● **Exercise goal**: Using the listing below, give again exactly the lines from the line with "saint patricks day" to the line with "Bitcoin (BTC) Halving", inclusive, without the pictures.

● **Data for this task**:
┌──
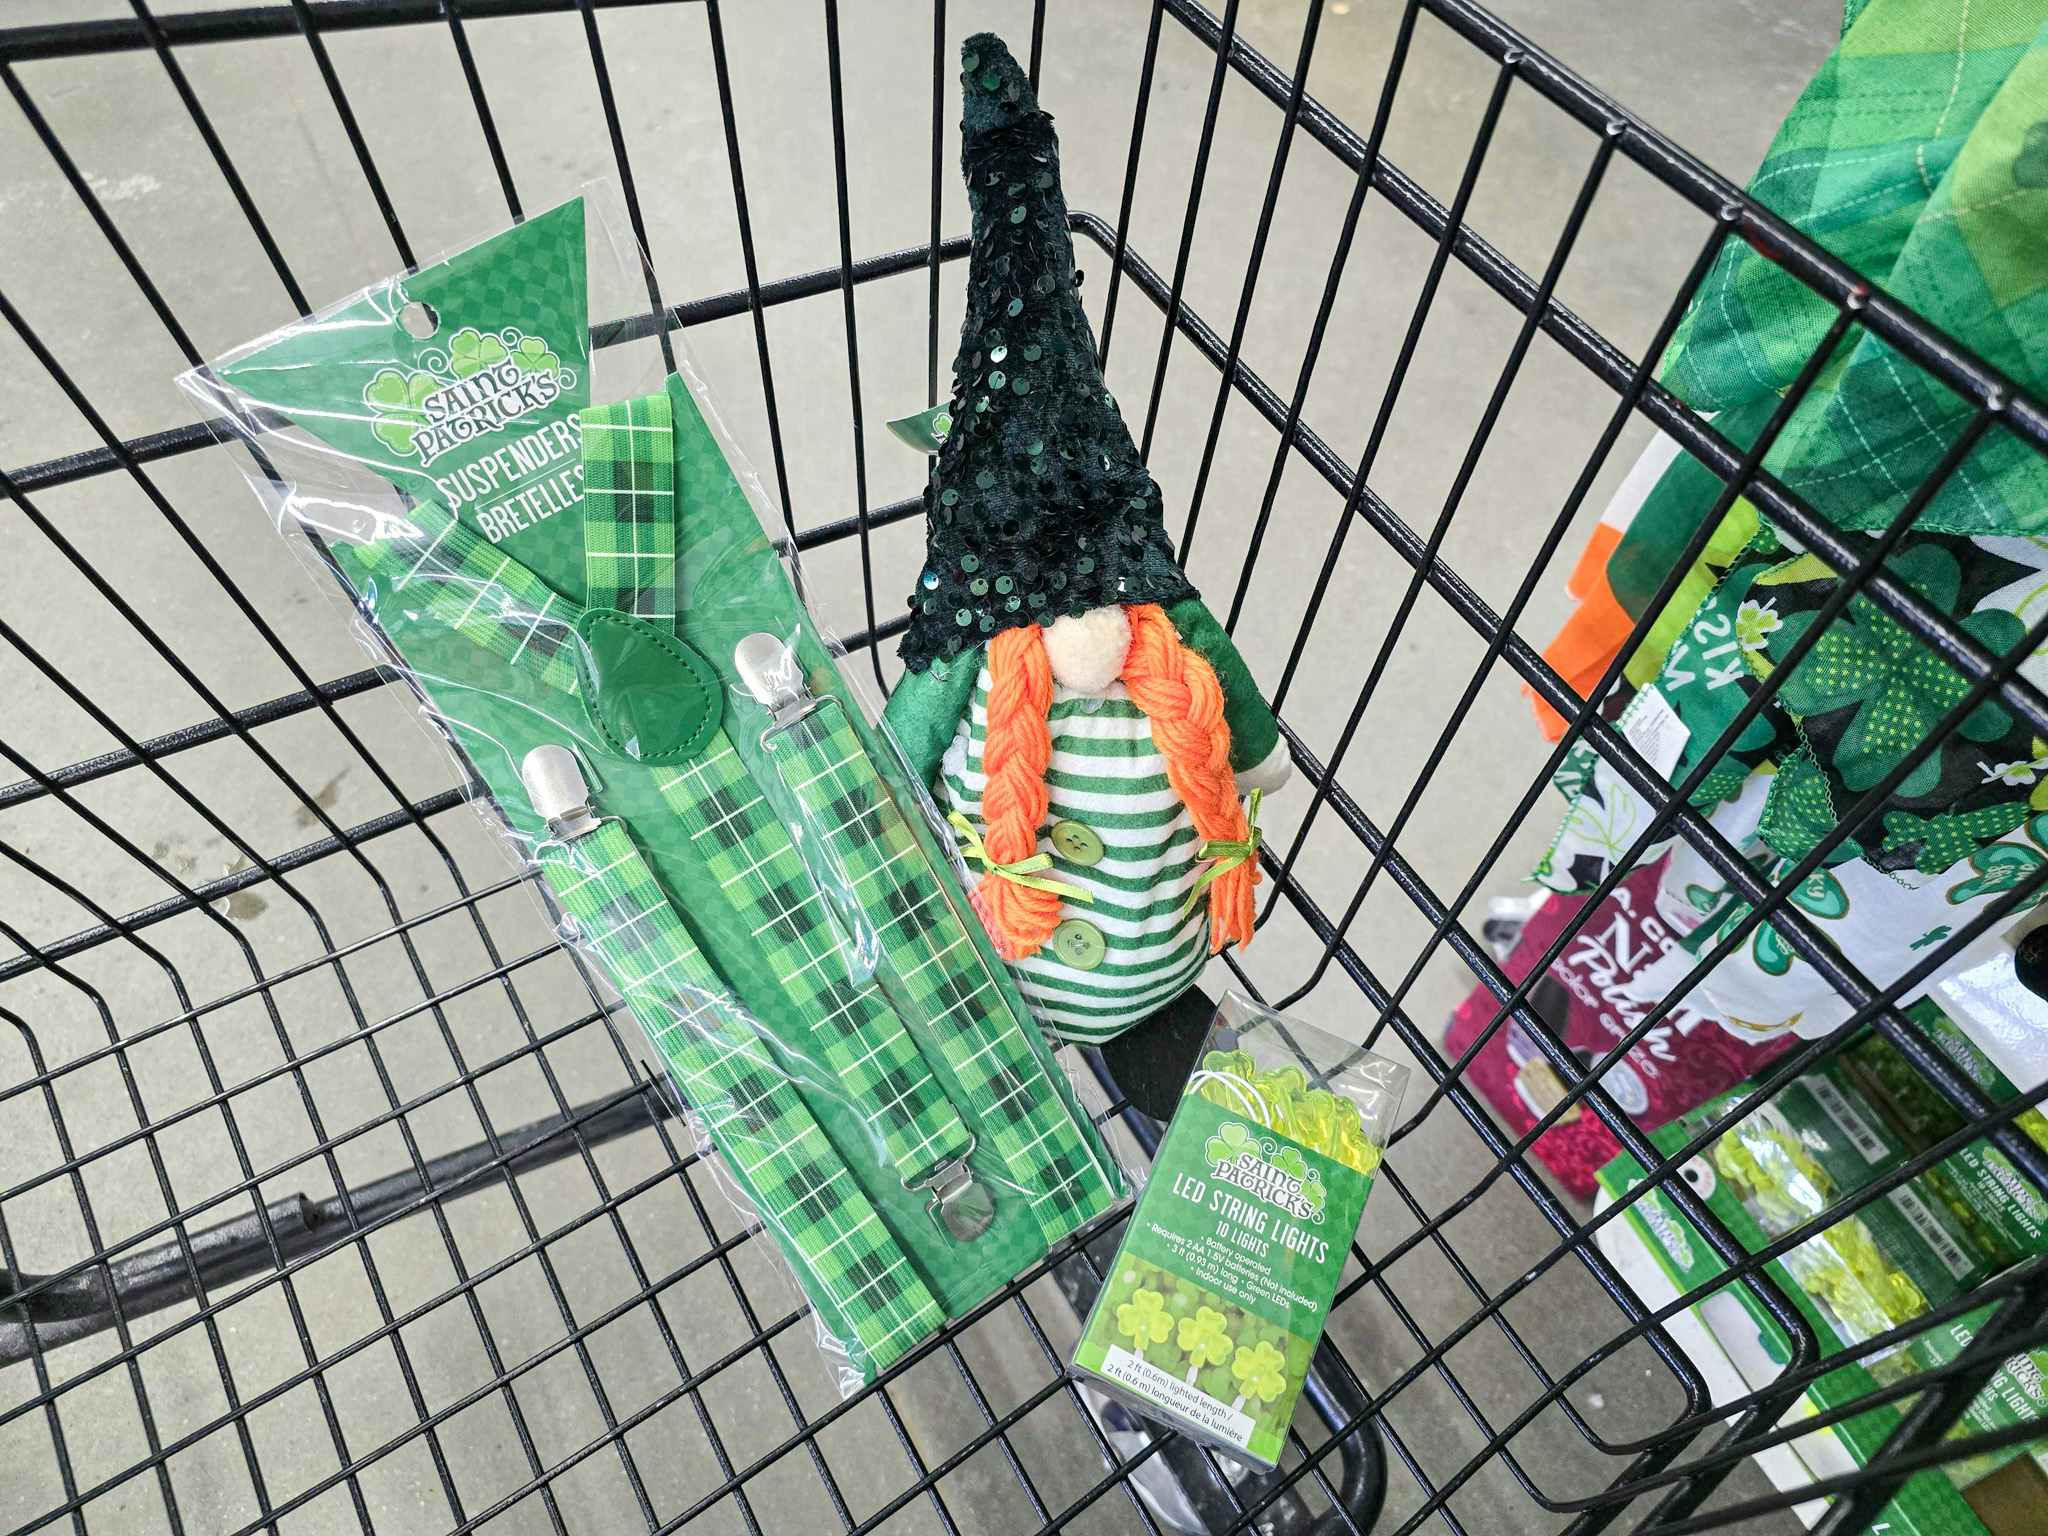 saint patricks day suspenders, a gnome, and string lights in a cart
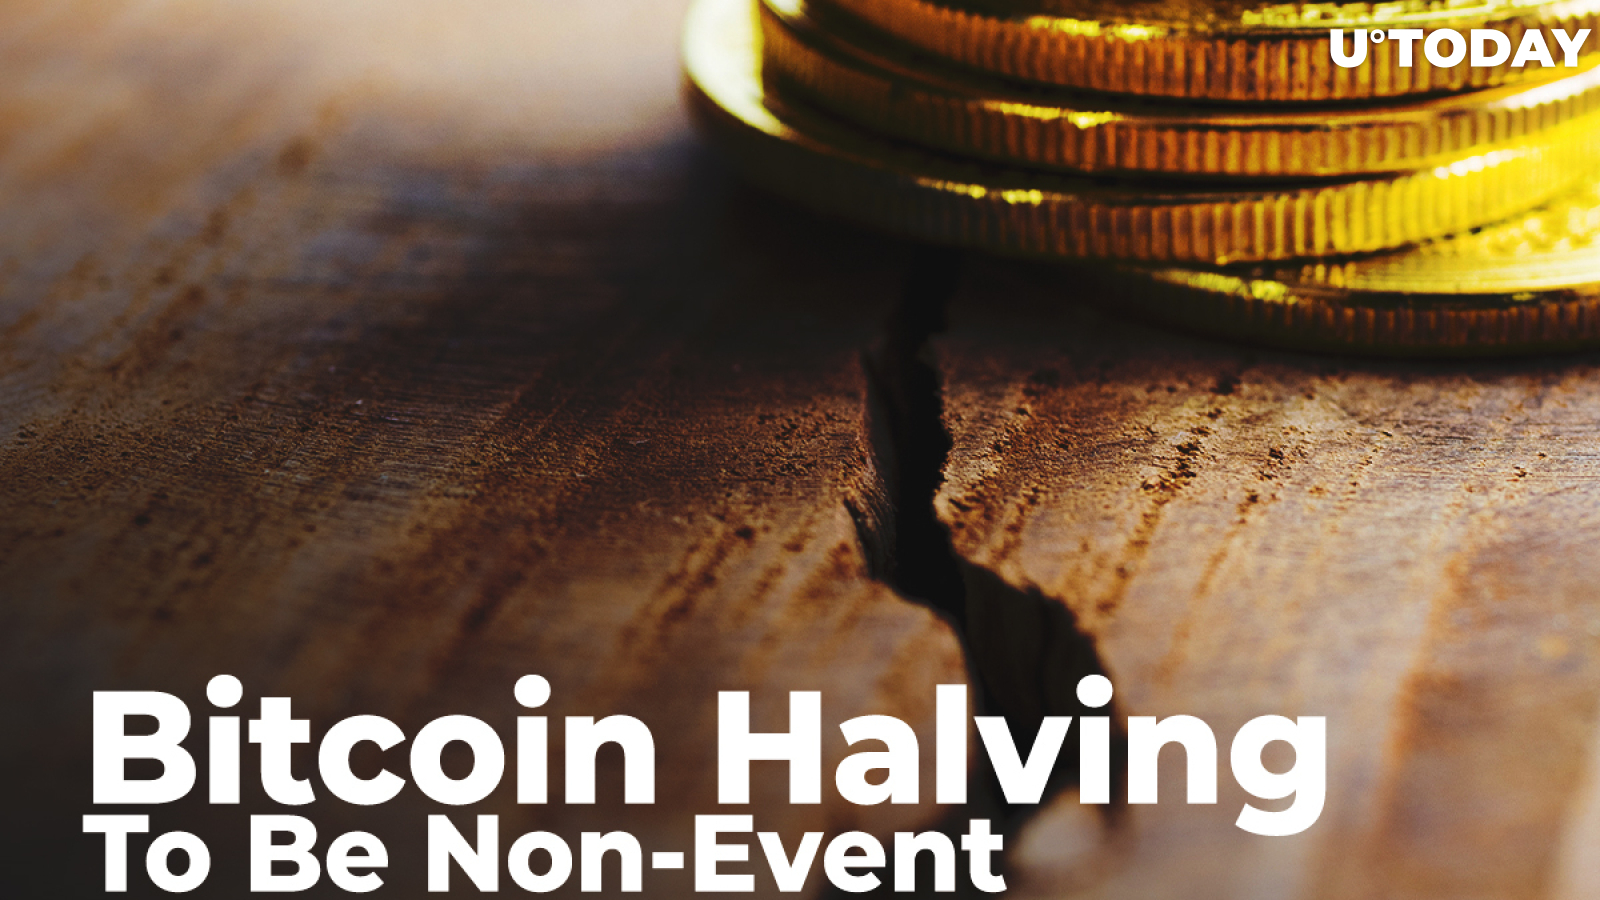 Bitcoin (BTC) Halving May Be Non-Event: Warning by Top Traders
└──
┌──
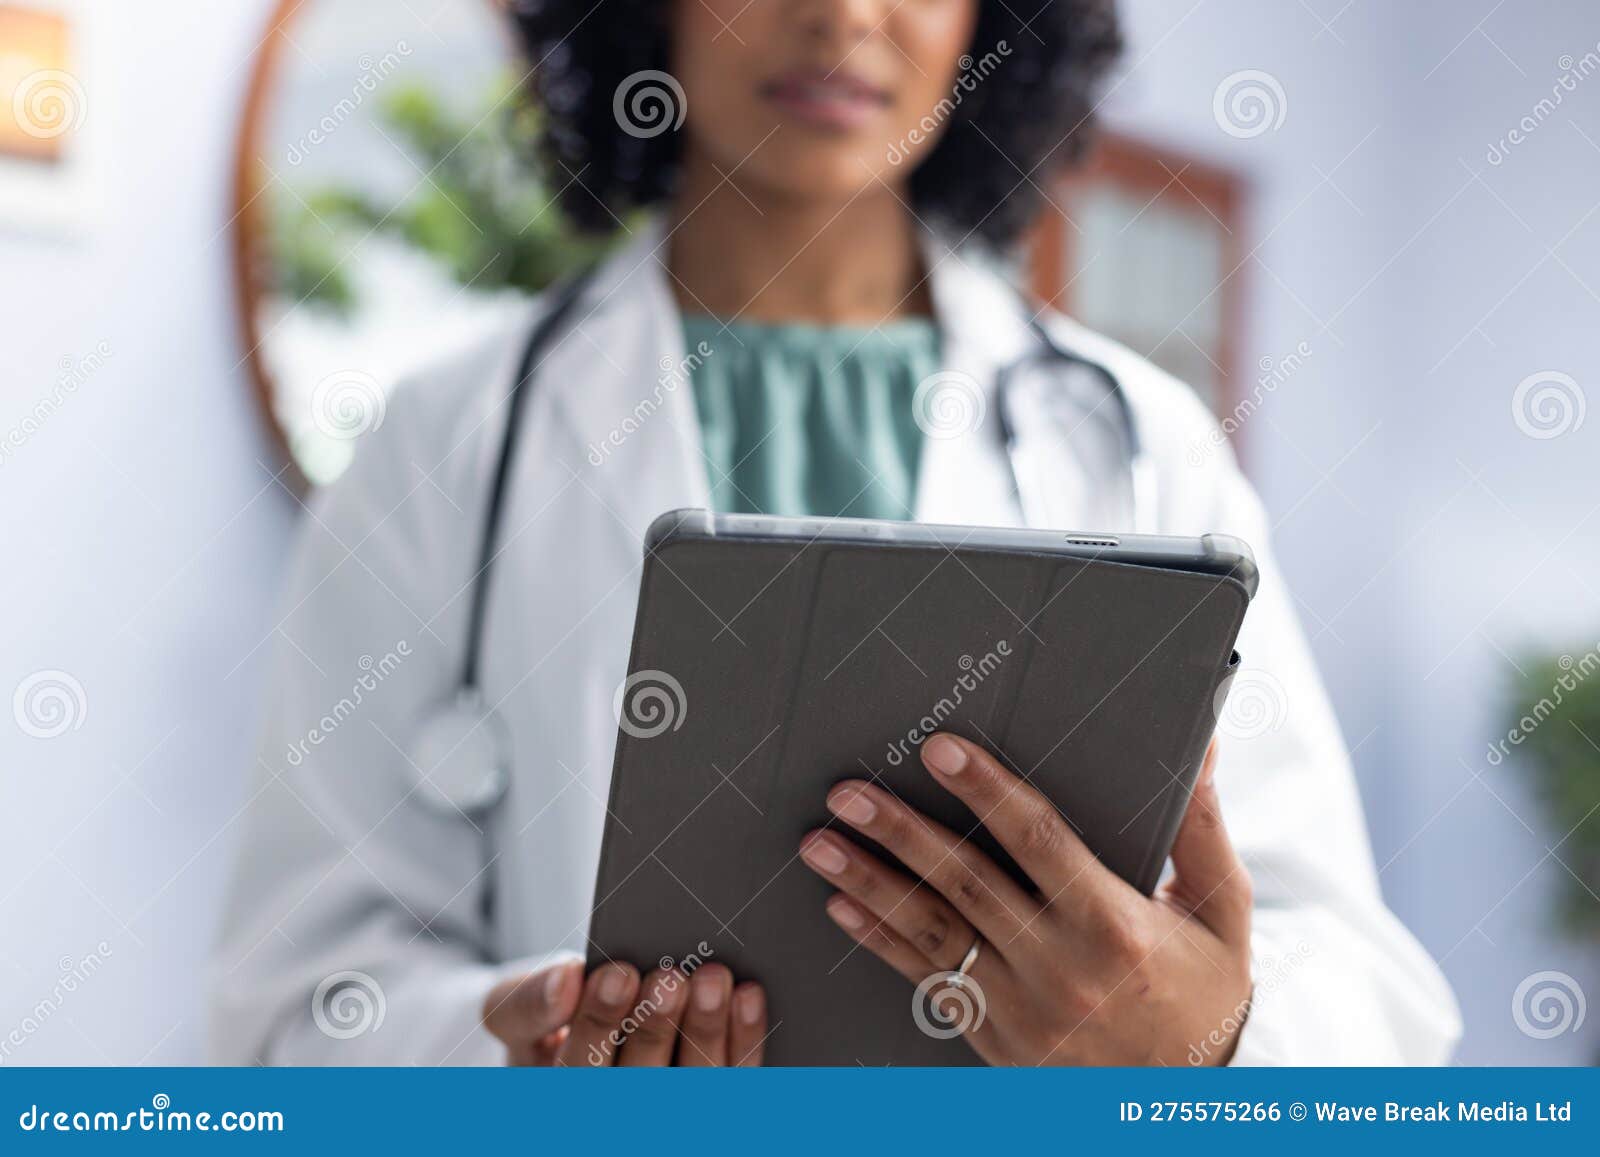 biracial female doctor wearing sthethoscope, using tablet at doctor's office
└──
● **Solution to this problem**:
 saint patricks day suspenders, a gnome, and string lights in a cart
 Bitcoin (BTC) Halving May Be Non-Event: Warning by Top Traders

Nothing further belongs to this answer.